When I had this dream, I hadn’t done the research, hadn’t developed and tested the concept of dream alchemy, hadn’t seen or experienced the power of working with dreams at such a deep level. It was enough for me, back then, to stand back and look at where I pushed hard in life – and why – and then to look for the open door, the opportunity I was not seeing. And this approach worked quite magically for me.

Now, looking back with twenty years professional experience in working with dreams, I also see the building as me, the brick walls as my solid beliefs, my pushing on the walls as a readiness to breakthrough my beliefs (my illusions of reality), and the open door as the result of surrender to change.

Surrender to change

Surrender to change

Each interpretation is correct. The same dream – any dream- can be interpreted on a physical level (pushing hard is exhausting you, there’s an easier way), a mental level (you have a belief that you need to push to achieve your goal), an emotional level (you have this belief because of the emotional rewards it gives you, and because you fear what will happen if you release this belief), and a spiritual level (surrender). And this is only a beginning.
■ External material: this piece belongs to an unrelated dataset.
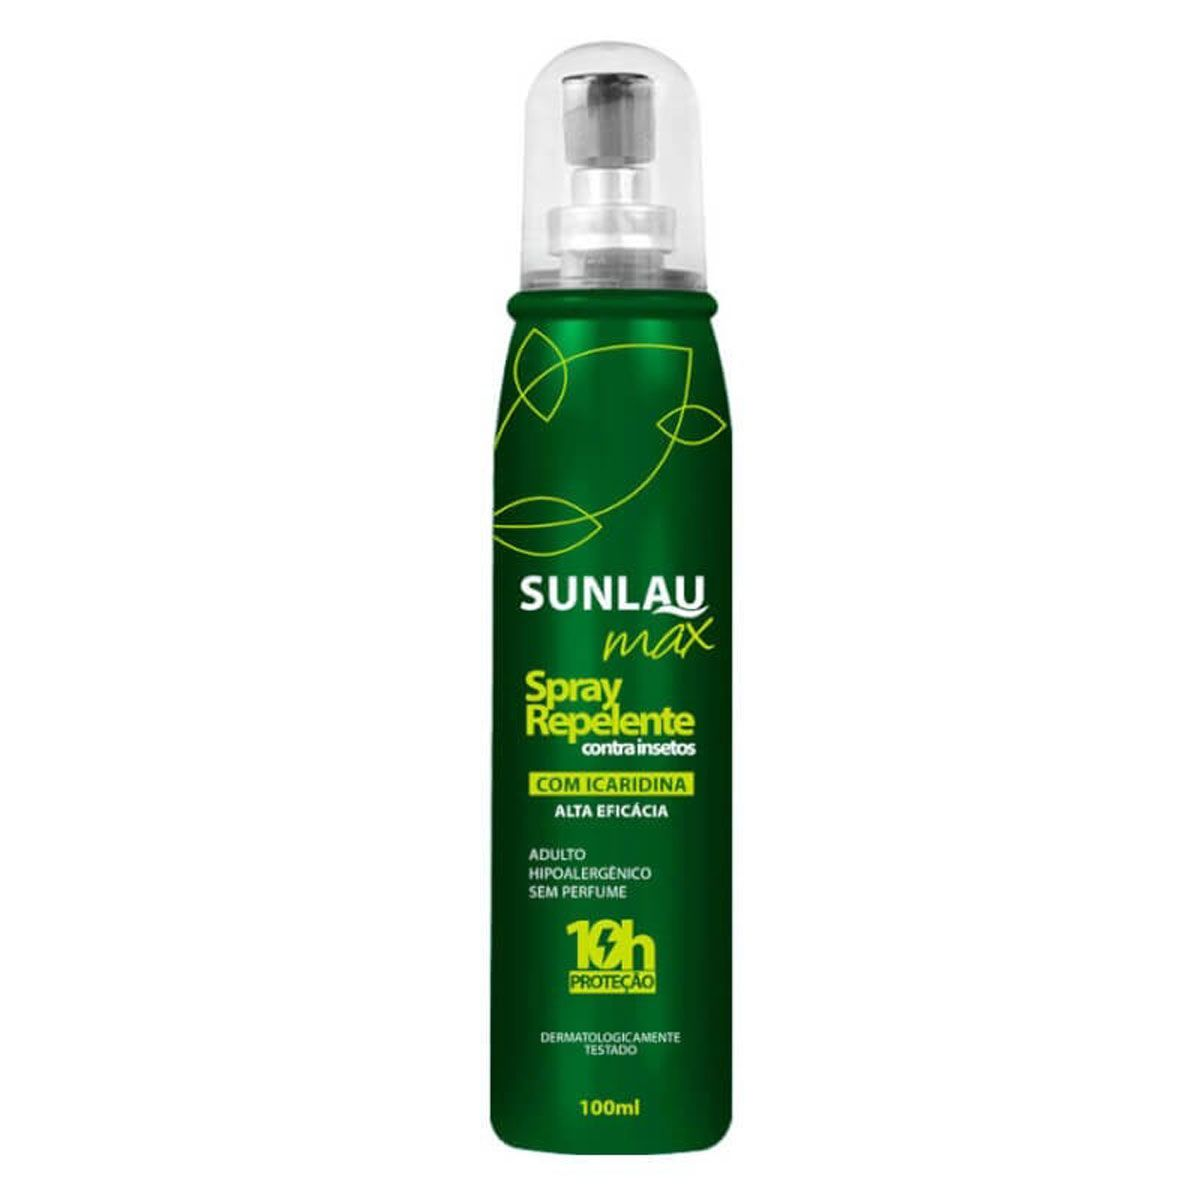 Repelente Spay Sunlau Max - 100ML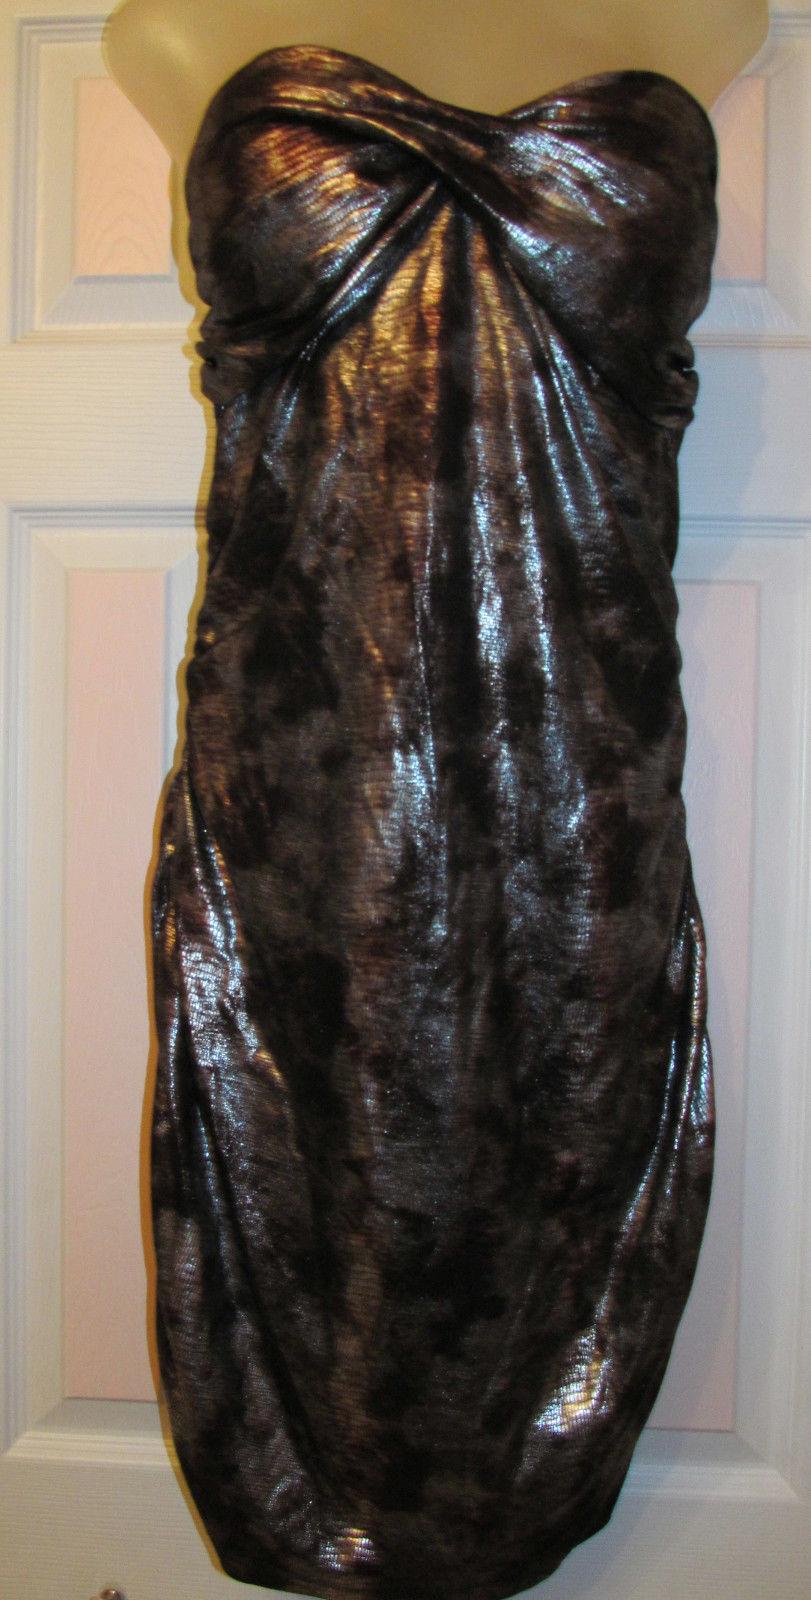 210e1ff01854 BEBE TWIST FRONT METALLIC SNAKE ANIMAL EMBOSSED PRINT gold metallic dress L  NWT

There are many other interpretation levels, each adding dimensions to the one emerging picture of why your life is the way it is at this particular point in time, and what you can do to change this, if you wish.

The journey – as the old cliché reminds us – is more important than the destination. A goal gives you purpose, inspiration, motivation, and a sense of achievement when you attain it, but it’s the insights you receive along the way that build physical, mental, emotional, and spiritual mastery.

No matter which goal you choose, the lessons inherent in the journey will be the same.

No matter which goal you choose, the lessons inherent in the journey will be the same.

Choose goals that feel important and meaningful to you, or goals that feel fun and enjoyable, or goals that make you face your fears. Pick goals that are big, or small, long-term, or short-term, because no matter which goal you choose, the lessons inherent in the journey will be the same.

Twenty-one years ago, I walked through an open door. I no longer remember the goal I had in mind at the time of the dream, but the lesson was life-changing.